Alloys Cu Mn Mg Zn Zr Ti Alloy Nq 1 0.0 0.0 1.0 4.7 0.13 0.02 Alloy N5 2 0.01 0.0 1.48 4.7 0.02 Alloy Nq 3 0 .49 0.0 1.02 4.9 0.05 0.02 Alloy N2 4 0.0 0.0 2.9 4.0 0.0 0.02 Alloy N9 5 0.01 0.0 2.8 4.0 0.075 0.02 Alloy Nq 6 0.0 0.0 1.28 6.2 0.05 0.02 Alloy N2 7 0.01 0.0 1.1 7.4 0.11 0.025 Alloy Ns 8 O 0.0 0.89 6.57 0.11 0.02 Alloy Ns 9 0.0 0.0 1.95 6.51 0.11 0.02

Table 2:

Elastic Properties in Longitudinal Direction (LT) at T6 Quench for Alloys Sample Plates # 1 through 9 Processed by Different Extinction Methods.

Alloy Part Extinguishing UTS MPa (ksi) TYS MPa (ksi) Stretch (%) Alloy Nq 1 Part A Still Air 355.07 (51.5) 307.50 (44.6) 13.0 Part B Cold Ventilation 365.42 (53.0) 323.36 (46.9) 11.0 Alloy N5 2 Part A Still Air 389.50 (56.5) 351.63 (51.0) 7.0 Part B Cold Ventilation 399.89 ( 58.0) 361.97 (52.5) 9.0 Piece C Cold Water 409.54 (59.4) 369.56 (53.6) 15.0 Alloy Nq 3 Piece A Still Air 375.76 (54 .5) 319.23 (46.3) 13.5 Piece B Blown Air 382.65 (55.5) 334.39 (48.5) 14.5 Alloy Nq 4 Piece A Still Air 413.68 (60, 0) 334.39 (52.5) 8.0 Part B Cold Ventilation 420.58 (61.0) 372.32 (54.0) 9.5 Part C Cold Water 450.22 (65.3) 406, 79 (59.0) 17.0 Alloy Nq 5 Part A Still Air 413,68 (60.0) 343.36 (49.8) 12.5 Part B Cold Ventilation 441.26 (64.0) 379.21 (55.0) 13.0 Piece C Cold Water 469.53 (68.1) 425.40 (61.7) 15.0 Alloy Nq 6 Piece A Still Air 420.58 (61.0) 375.76 ( 54.5) 10.5 Part B Cold Ventilation 437.82 (63.5) 403.34 (58.5) 11.5 Part C Cold Water 444.02 (64.4) 416.44 (60.4) 15.0 Lig a N5 7 Piece A Still Air 370.93 (53.8) 344.73 (50.0) 10.7 Piece B Cold Ventilation 388.35 (55.6) 355.77 (51.6) 14.0 Piece C Cold Water 404.03 (58.6) 367.49 (53.3) 13.8 Alloy Ne 8 Part A Still Air 404.03 (52.5) 329.57 (47.8) 4.0 Part B Cold Ventilation 372.32 (54.0) 337.84 (49.0) 6.4 Piece C Cold Water 379.90 (55.1) 344.77 (50.0) 12.9 Alloy Nq 9 Piece A Air stationary 408.86 (59.3) 357.84 (51.9) 3.8 Part B Cold Ventilation 425.40 (61.7) 389.55 (56.5) 2.4 Part C Cold Water 480.08 (70.5) 460.51 (66.8) 8.0 Table 3:

Elastic Yield Stress (ksi) by Three Different Processes and Loss of TYS Due to Quenched Air Quenching Compared to Cold Water Quenching.

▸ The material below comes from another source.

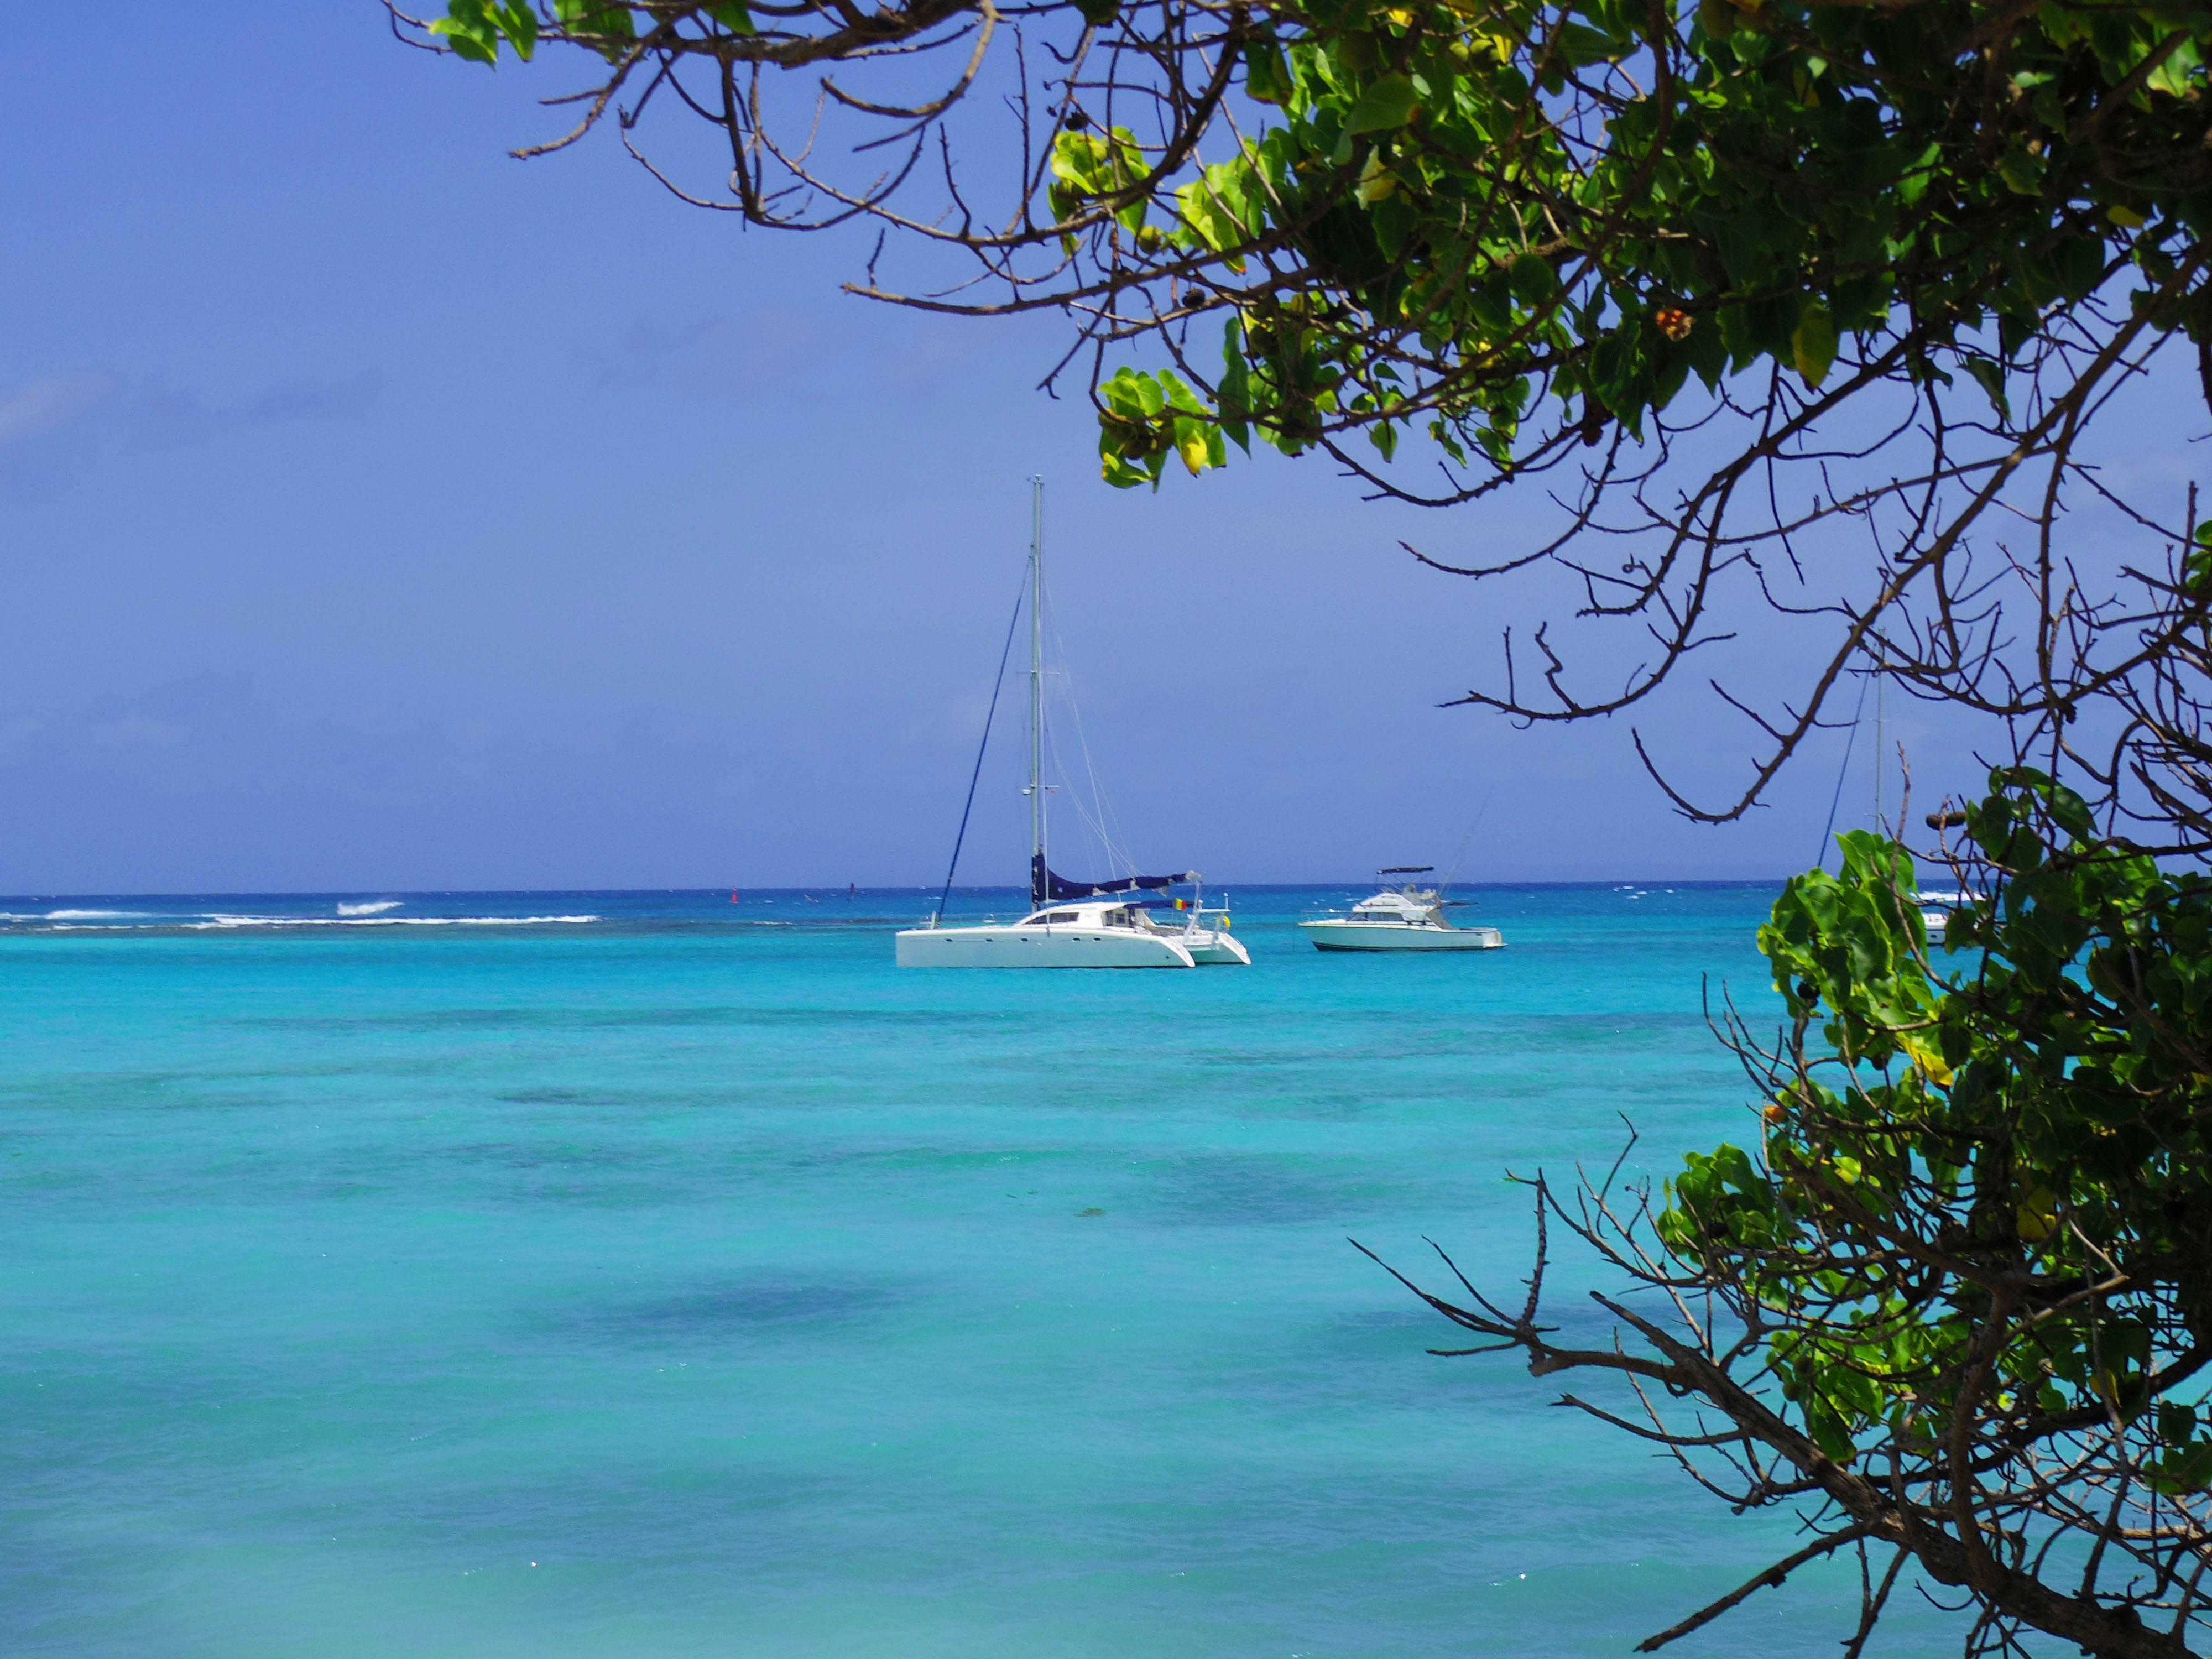 Photo 2: Guadeloupe... Comme dans un rêve !

Cold water Blown air Still air Cold water - Still air Alloy N9 1 ND 46.9 44.6 ND Alloy N2 2 53.6 52.5 51 2.6 Alloy N9 3 ND 48.5 46.3 ND Alloy N9 4 59 54 52.5 6.5 Alloy Nq 5 61.7 55 49.8 11.9 Alloy N9 6 60.4 58.5 54.5 5.9 Alloy N9 7 53.3 51.6 50.0 3.3 Alloy N 8 8 50.0 49.0 47.8 2.2 Alloy N9 9 66.8 56.47 51.9 14.9

Table 4:

Maximum Elastic Forces (ksi) of Samples Extinguished by Three Different Processes.

Cold water Blown air Still air Cold water - Still air Alloy N9 1 ND 53 51.5 ND Alloy N9 2 59.4 58 56.5 2.9 Alloy N9 3 ND 55.5 54.5 ND Alloy N9 4 65.3 61 60 5.3 Alloy N8 5 68.1 64 60 8.1 Alloy N9 6 64.4 63.5 61 3.4 Alloy N9 7 58.6 55.6.8 4.8 Alloy Ns 8 55.1 54.0 52.5 2.6 Alloy N9 9 70.5 61.7 59.3 11.2

As shown in Figures 1 through 5 and Tables 2 through 4, the maximum tensile strength (UTS) and tensile yield stress (TYS) of Fig. 6, an example of the alloy embodiment described, are higher. than UTS and TYS of Alloys 1 to 5 and 7 to 9, when materials were processed by quenching, the slowest cooling method evaluated in this study. In addition, Alloy # 6 shows the most desirable combination of high strength and low extinction sensitivity among the four high strength alloys examined.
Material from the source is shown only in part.